SURF [Bay et al., 2006, 2008] is a scale and rotation-invariant interest point detector and descriptor. The detector is based on the Hessian matrix, but rather than using a different measure for selecting the location and the scale (as was done in the Hessian- Laplace detector), Bay et al. apply the determinant of the Hessian for both. The descriptor, on the other hand, describes a distribution of Haar-wavelet responses within the interest point neighborhood. The SURF descriptor is based on similar properties of localized information and gradient distribution as SIFT, with a complexity stripped down even further.
The main interest of the SURF descriptor lies in its fast computation of approximate differential operators in the scale-space, based on integral images and box-type convolution filters. Moreover, only 64 dimensions are used, reducing the time for feature computation and matching, and increasing simultaneously the robustness.

Mid-level Image Representations: BoW Models and Extensions

Mid-level feature extraction aims at transforming low-level descriptors into a global and richer image representation of intermediate complexity [Boureau et al., 2010a]. That image representation is commonly referred to as mid-level representation, since global features built upon low-level ones typically remain close to image-level information without attempts at high-level semantic analysis. In order to get the mid-level representation, the standard processing pipeline follows three steps [Boureau et al., 2010a]: (i) low-level local feature extraction (previously addressed in the Section 2.1), (ii) coding, which performs a pointwise transformation of the descriptors into a representation better adapted to the task and (iii) pooling, which summarizes the coded features over larger neighborhoods. Classification algorithms are then trained on the mid-level vectors obtained (see Section 2.4). In this section, we approach the family of mid-level representations which is most central to this dissertation. In particular, we focus on the Bag-of-Visual-Words representation (BoW) [Sivic and Zisserman, 2003], the most popular mid-level image representation. Here, instead of an exhaustive survey, we opt for a more formal development: our target is to lay out the mathematical cornerstones common to all BoW representations, exploring how those cornerstones have been established in early works, and how they are evolving in very recent works.

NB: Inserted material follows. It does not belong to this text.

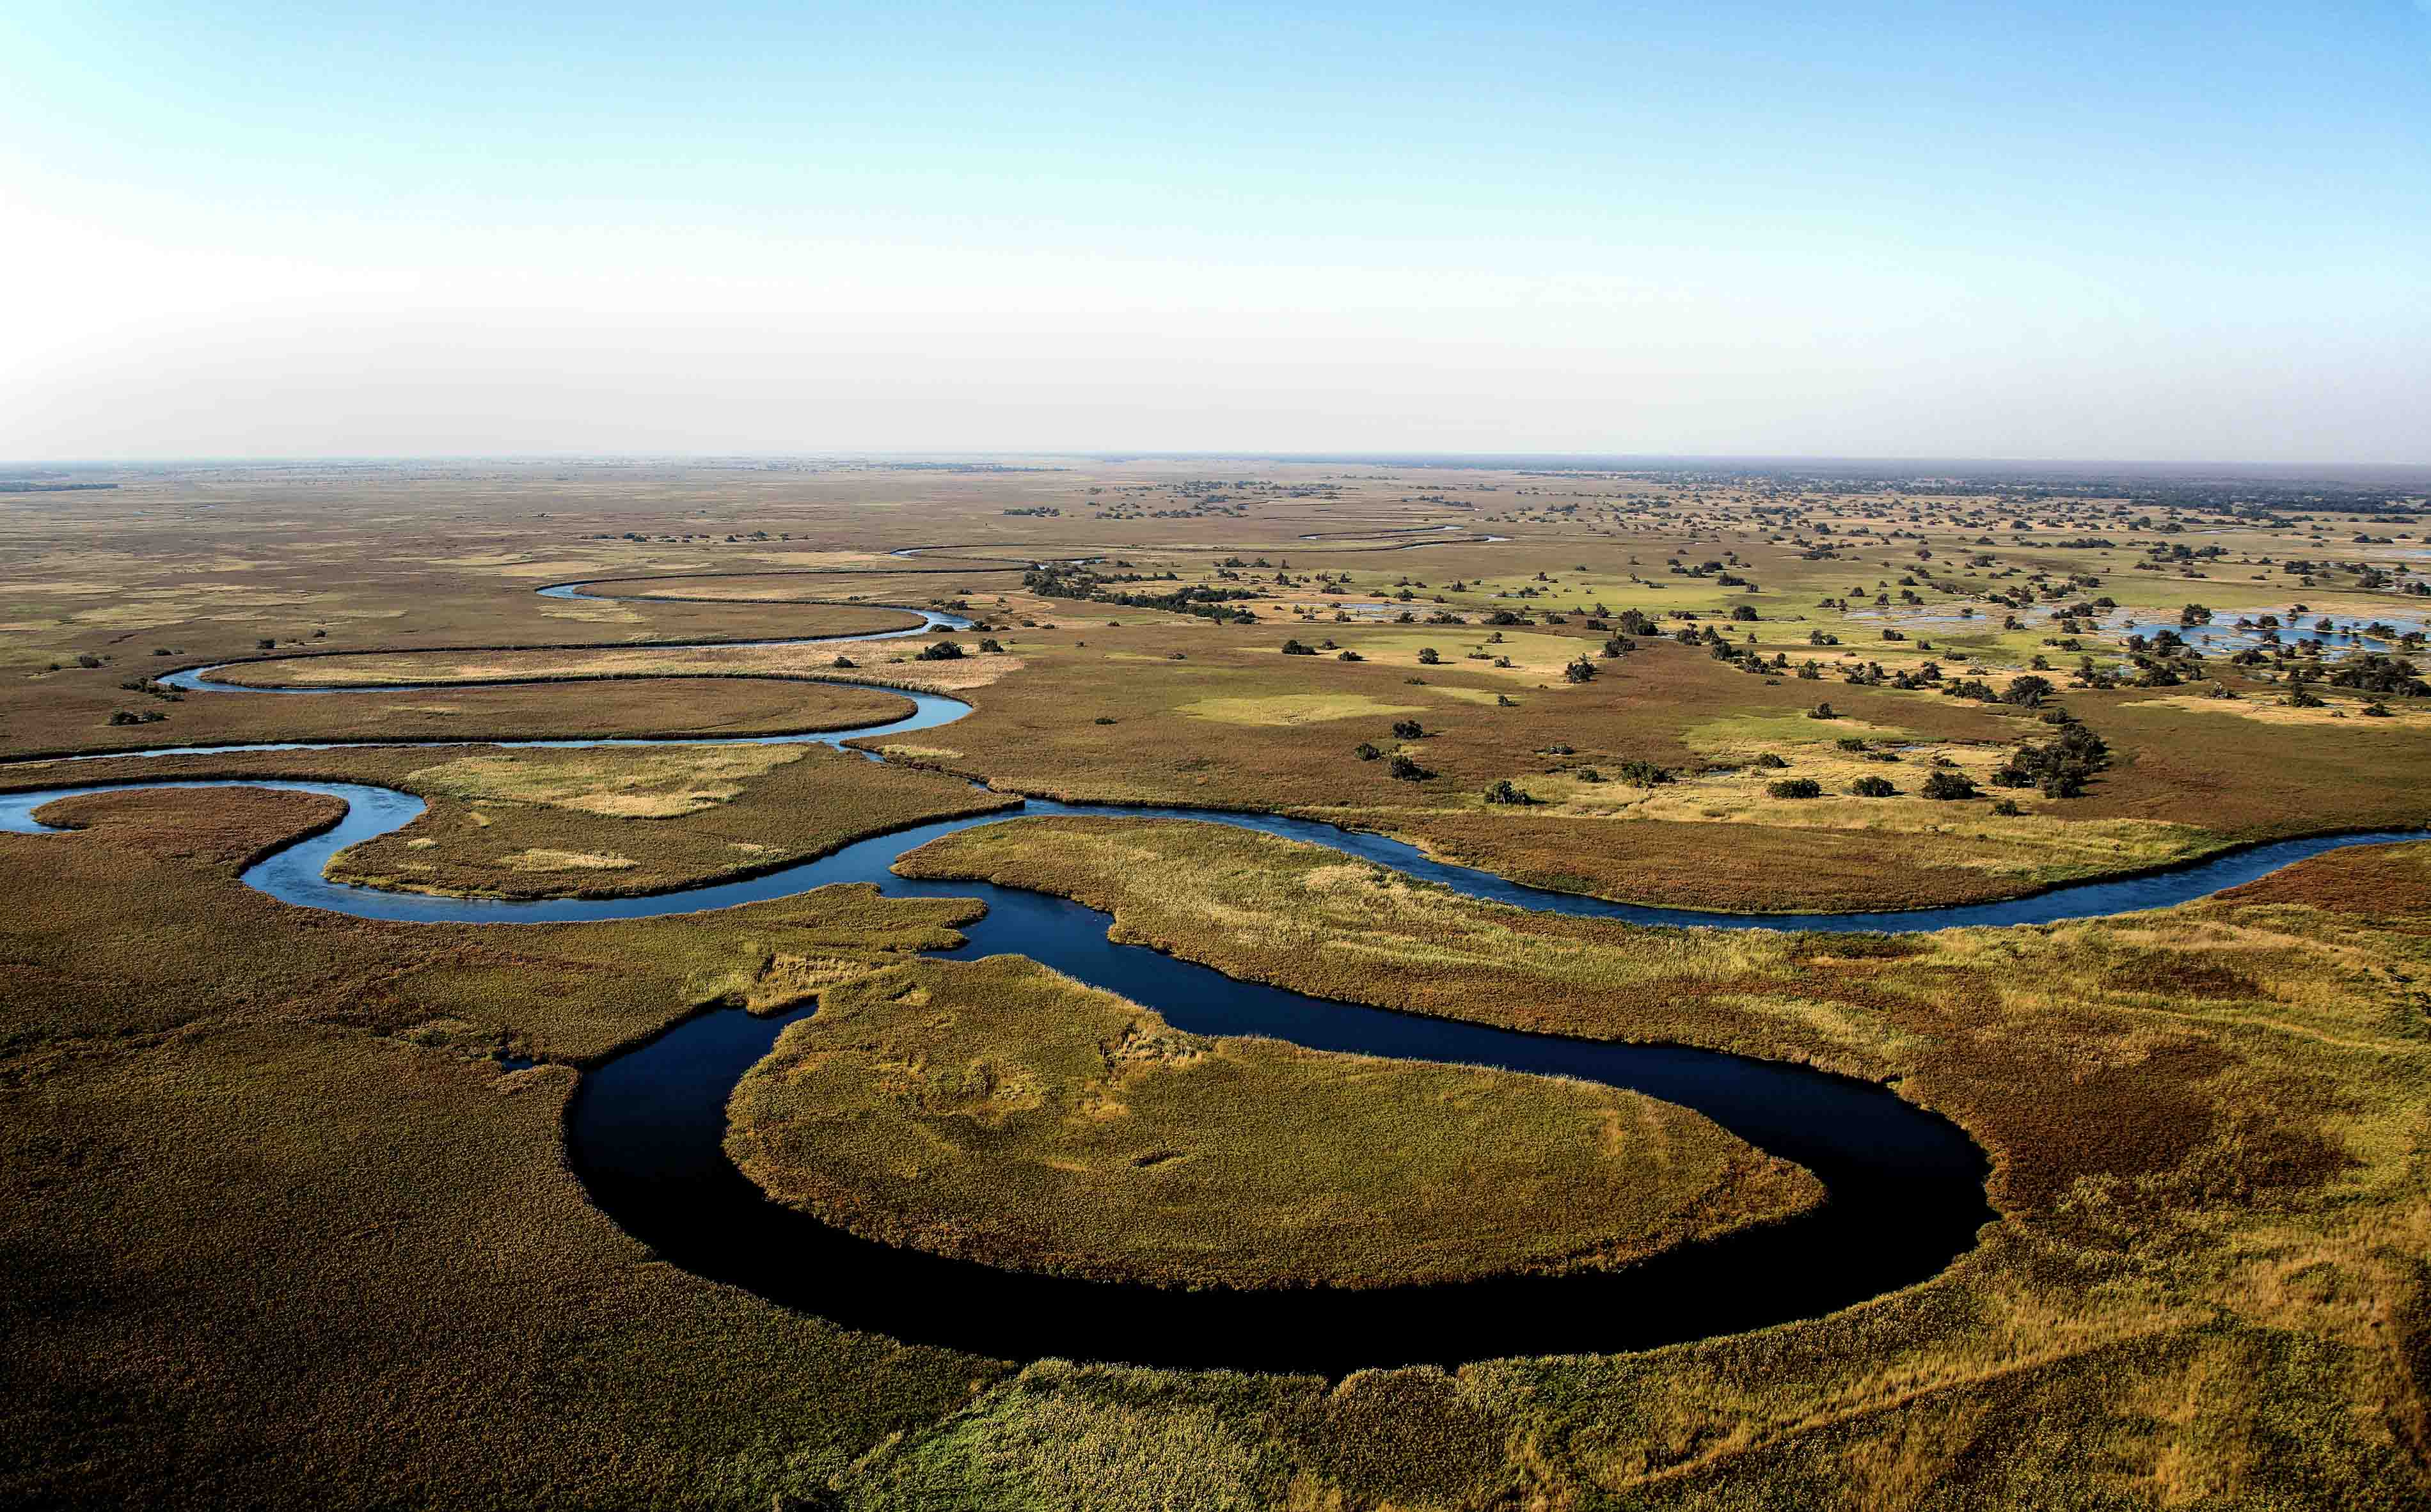 okavango river

BoW Normalization Techniques

One possibility of increasing the systems’ performance is to carefully examine the feature normalization techniques. In particular, large margin classifiers are known to be sensitive to the way features are scaled (see, for example [Chang and Lin, 2011], in context of SVM). Therefore, despite the fact it has been neglected so far in most research papers in the literature, the mid-level feature normalization is a crucial step. In the Bag-of-Words (BoW) model proposed by Sivic and Zisserman [2003], the vector components are weighted by a tf-idf transformation, where tf means ‘termfrequency’ and idf means ‘inverse document-frequency’. The idea is that word frequency weights words occurring often in a particular document, and thus describe it well, whilst the inverse document frequency downweights words that appear often in the dataset.
A technique usually regarded as part of term weighting is to normalize of the term count by the number of terms in the document (i.e., document length) into a unit-length term frequency vector. This ℓ1 normalization eliminates the difference between long and short documents with similar word distribution. For images, this means normalizing the count of visual words by the total number of local descriptors in each image, which varies greatly according to the complexity of the image scene. Recently, the ℓ1 and ℓ2 normalizations have been widely used to normalize the BoW-based feature vectors, such as [Nister and Stewenius, 2006; J´egou et al., 2010; Perronnin et al., 2010c; Avila et al., 2011; Chatfield et al., 2011; Picard and Gosselin, 2011; Negrel et al., 2012]. The normalization policy can be driven by the kernel choice, and different kernels lead to different normalization strategies. For example, ℓ2 normalization is appropriate when using linear kernels, whereas ℓ1 is optimal when using χ2 or intersection kernels, see [Vedaldi and Zisserman, 2012]. However, there is no general agreement on the benefit of performing these normalizations, because they can discard relevant information.
Contradicting experimental results have been reported in the literature, and the optimal normalization policy remains largely data-dependent. For example, some authors reported that ℓ2 normalization negatively impacts performances, and therefore they chose not performing any normalization method (e.g., [Liu et al., 2011a; Boureau et al., 2011]). In [Yang et al., 2007], this normalization factor is evaluated in two benchmarks, PASCAL VOC and TRECVID. The authors have contradicting observations between the two datasets regarding the normalization factor. In PASCAL VOC, normalized features consistently outperforms un-normalized ones. However, in TRECVID the un-normalized features are always better than their normalized counterparts. According to Yang et al. [2007], a plausible explanation is that, PASCAL VOC has images of various sizes, and its classification performance benefits from the normalization factor which eliminates the difference on image sizes. This is not the case with TRECVID, which contains video frames of identical size, and normalization decreases the performance by suppressing the information on the number of visual words in each video frame.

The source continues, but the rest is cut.